Git was created in 2005 by Linux Torvalds for the development of the Linux kernel. It was inspired by BitKeeper and Monotone. It is a distributed version control system that has a number of characteristics that make it suitable for large numbers of developers (such as open source projects like the Linux Kernel):

  • Strong support for non-linear development: git supports rapid branching and merging, and includes tools for visualizing a non-linear development history.
  • Distributed development: git gives every developer a local copy of the development history and all changes are synchronized between repositories.
  • Simple APIs: git has a number of different ways of interacting with tools, but they are all based on simple standard protocols such as HTTP, FTP, or SSH.
  • Scalable: git has been developed to be fast even with large projects.

If you are familiar with version control repositories like SVN or CVS, you will find that git mostly works the same. There are some key differences, however:

  • Git is a distributed repository, and each developer effectively maintains their own repository with a separate commit stream.
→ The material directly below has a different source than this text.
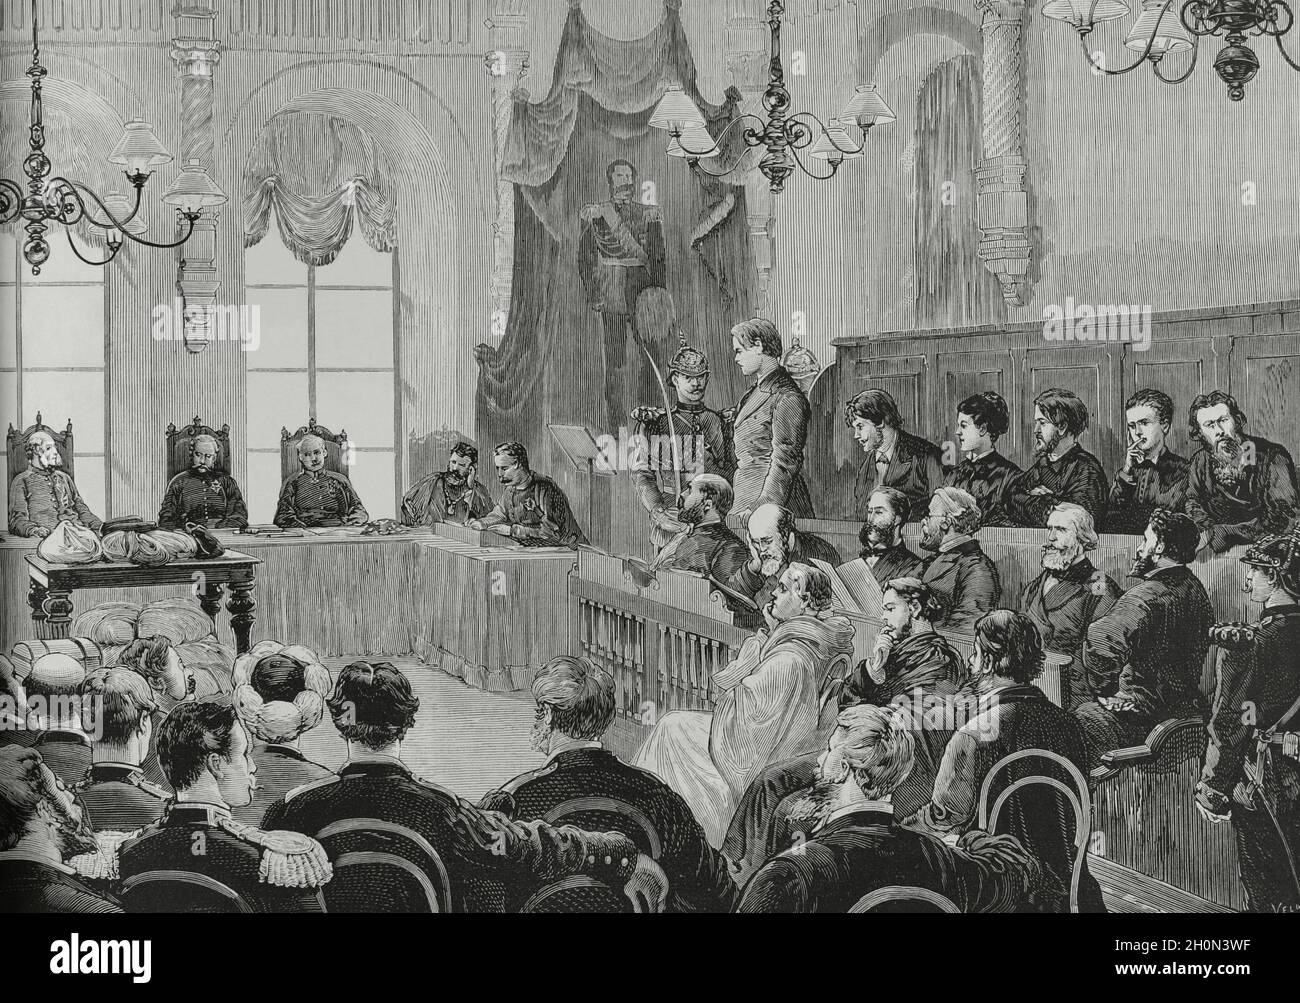 Russia, San Pietroburgo. Processo dei nichilisti che uccisero lo zar Alessandro II il 13 marzo 1881. I terroristi Nikolai Kibalchich, Sophia Perovskaya, Foto Stock

Changes made in other repositories can be merged into a developer’s local repository to make the two repositories effectively identical, but each repository can have commits that are not synchronized automatically to other repositories.
  • Git is optimized for branching and merging, and so developers use branches often for single features. The main branch (called master) is intended to be always production ready, and developers usually work off a development or feature branch instead.
  • Commits to a repository in git are not necessarily sequential. Normally they will be applied in order when doing merges, but in some cases, it may be required to reorder commits [1]. Because commits are not required to be sequential, they are given random unique ids instead of sequential ones. These unique ids are long, but you can reference a commit by a portion of the id as long as it uniquely identifies the commit.
  • There is only one commit stream across an entire repository. Unlike SVN or CVS where each branch has their own commit ids and history, git only has one history that is often visualized as lines that run in parallel with dots on those lines representing commits.
[1]A good example of this is when merging changes from a remote repository into a local repository when additional changes have occurred in the local repository. If some of the incoming changes conflict, it could require a manual merge. These manual merges can often result in many different changes getting bundled into one big commit which then causes other developers to also have to do merges when those changes are pushed to other repositories. Git offers the option of doing a rebase, where some commits are rolled back, the incoming commits applied, and then the rolled back commits are re-applied with possible manual merges along the way. By doing this rebase, new changes are applied at the end which reduces the likelyhood of other developers having to manually merge when these changes are pushed.